» **EXERCISE BRIEF**
I'd ask you to write out the lines below exactly, with no images.

» **ENTRIES SHOWN**
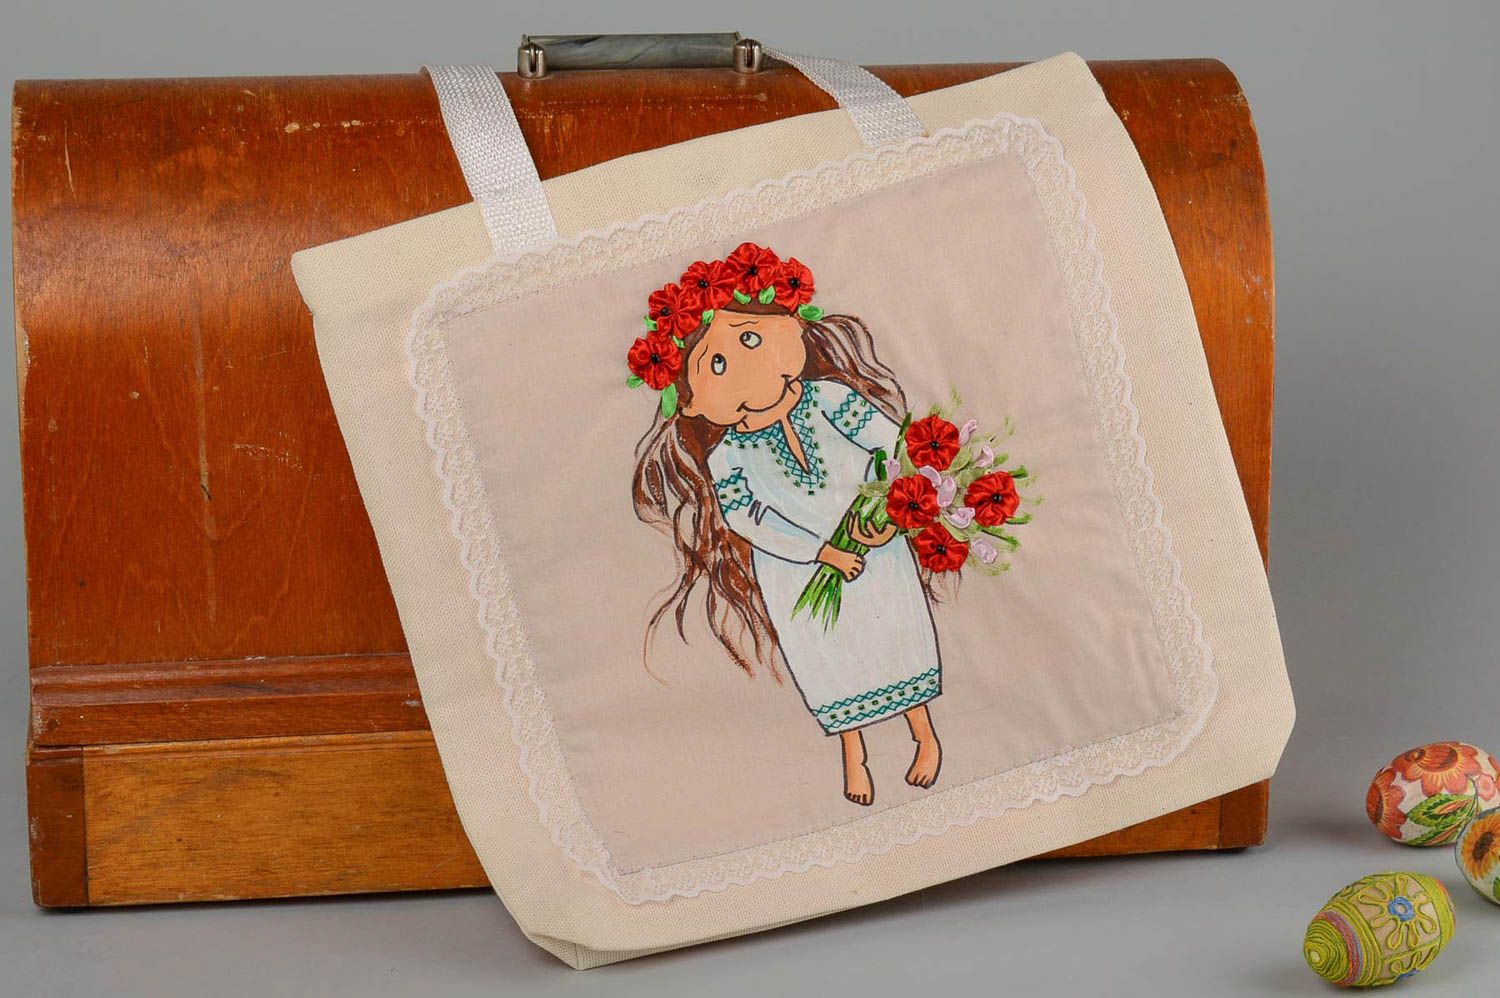 Сумка ручной работы сумка с рисунком акриловмыи красками женская сумка фото 1
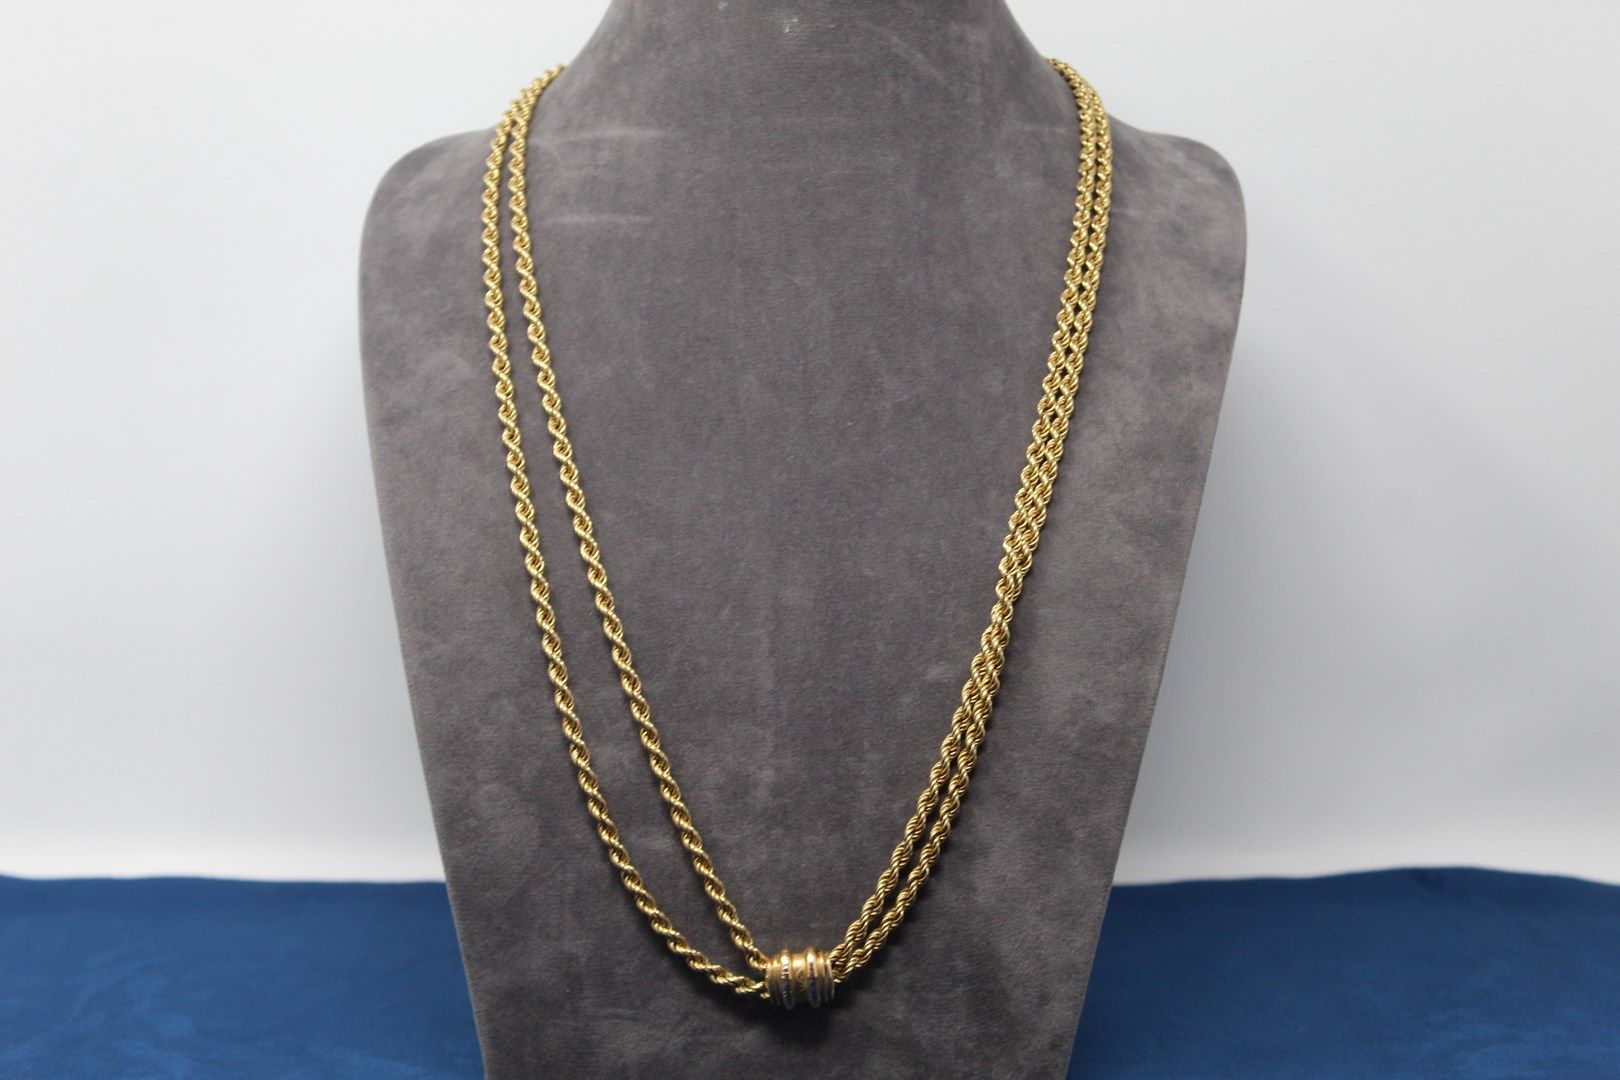 Null 重要的18K（750）黄金长项链。

颈部长度：139厘米。(如果加倍则为70厘米) - 重量：31.85克。
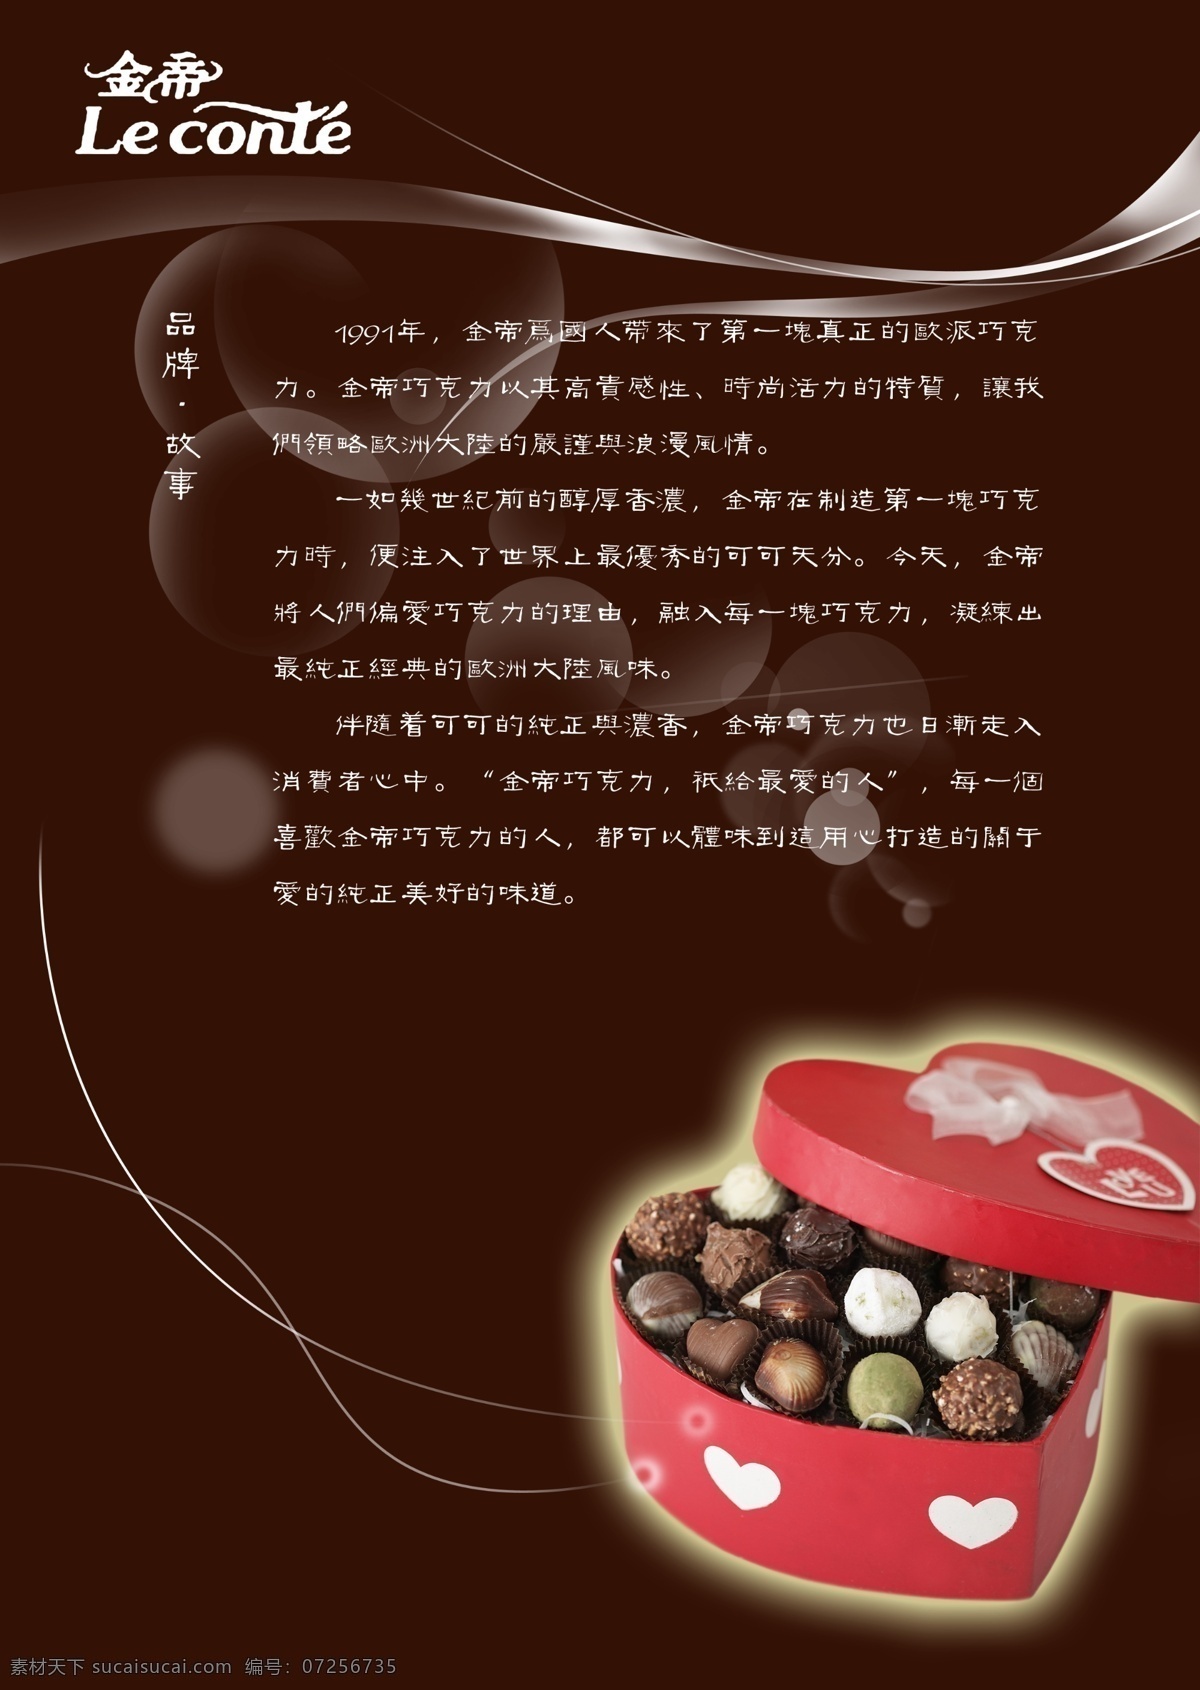 金帝内页 巧克力 浓香 丝滑 甜蜜 巧克力dm单 dm宣传单 广告设计模板 源文件
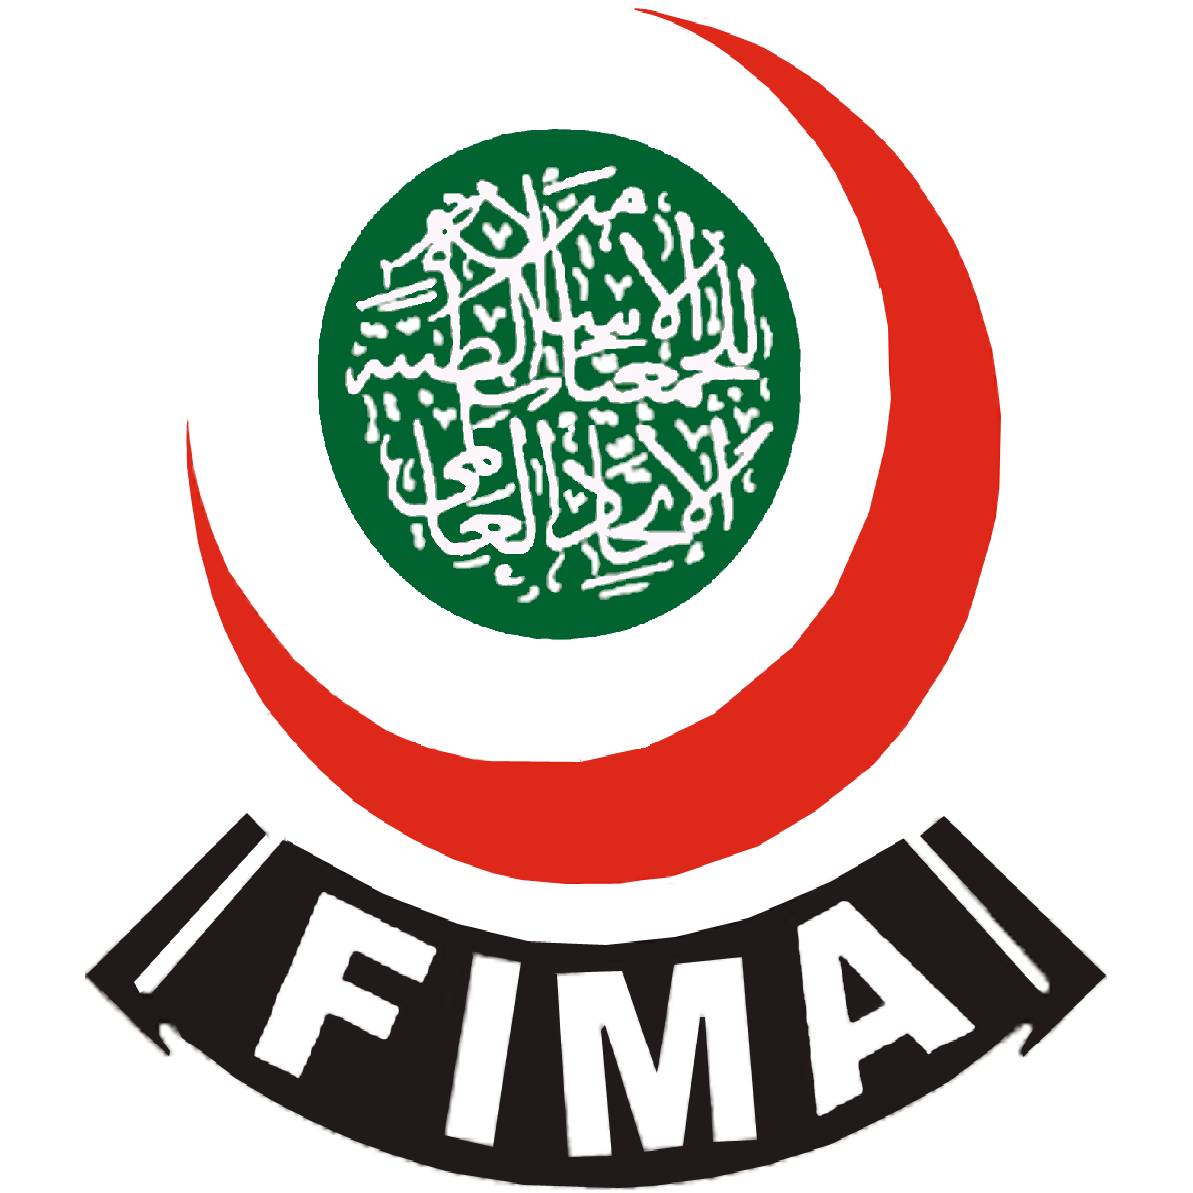 Muslim Health Charity Organization in USA - Federation of Islamic Medical Associations

» **REPLY TO THE TASK**
 Сумка ручной работы сумка с рисунком акриловмыи красками женская сумка фото 1
 Null 重要的18K（750）黄金长项链。

颈部长度：139厘米。(如果加倍则为70厘米) - 重量：31.85克。
 金帝内页 巧克力 浓香 丝滑 甜蜜 巧克力dm单 dm宣传单 广告设计模板 源文件
 Muslim Health Charity Organization in USA - Federation of Islamic Medical Associations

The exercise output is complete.